Note that this slope is smaller than the 1.33 estimated in the Week 8
simple regression. This is expected: when
data_infrastructure_score is added to the model, it absorbs
some of the explanatory work previously attributed to
data_products_score alone.
data_infrastructure_score (0.41):
Holding the other variables constant, each 1-point increase in data
infrastructure score is associated with an average increase of 0.41
points in overall score. This confirms that infrastructure has an
independent contribution to overall performance beyond what data
products alone capture.
high_income (4.20): Controlling for
both sub-indicator scores, High income countries score approximately 4.2
points higher on average than non-High income countries. This residual
income effect is smaller than the raw group difference seen in the Week
8 ANOVA (≈ 25 points), which makes sense: much of that gap was already
explained by the sub-indicator scores themselves. The remaining 4.2
points may reflect structural advantages in governance, institutional
stability, or data funding not captured by the two sub-scores.
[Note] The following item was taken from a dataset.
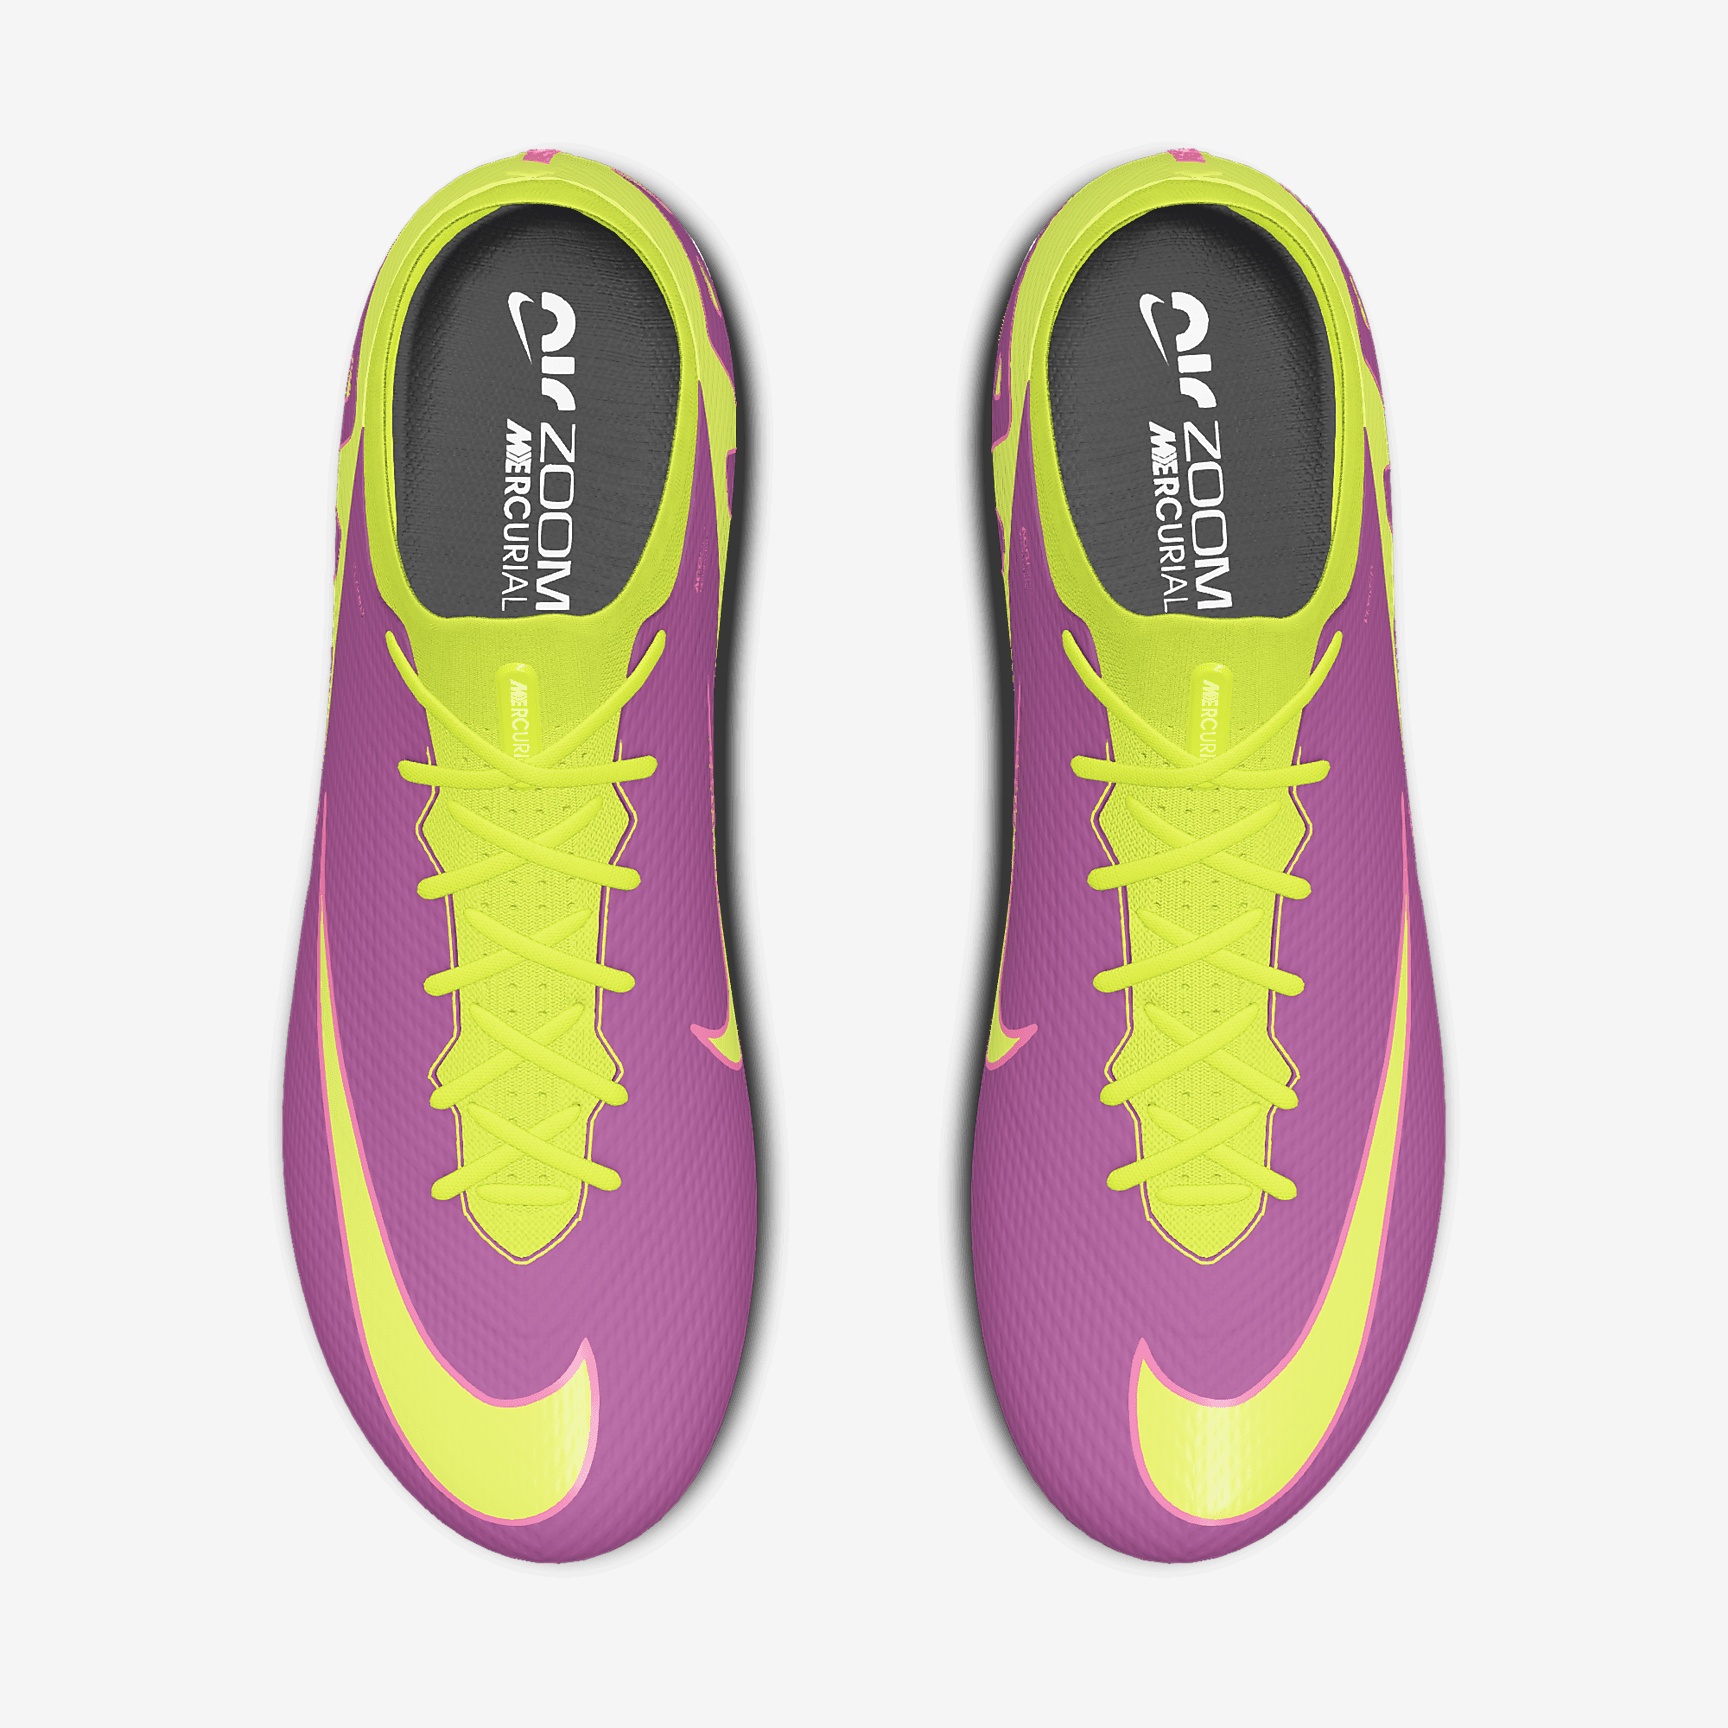 Nike Mercurial Vapor 15 Elite By You Custom Firm-Ground Soccer Cleats - 4

The model’s R² = 0.90, meaning the three predictors
together explain approximately 90% of the variation in
overall_score across countries. This is a substantial
improvement over the Week 8 simple regression (R² = 0.67), confirming
that data_infrastructure_score and high_income
add meaningful explanatory power. The adjusted R² = 0.90 as well,
indicating that the improvement is not simply a consequence of adding
more variables.
Running a regression model is not sufficient on its own. The validity of the model’s conclusions depends on whether key assumptions are reasonably satisfied. Five diagnostic plots are used here to evaluate the model systematically.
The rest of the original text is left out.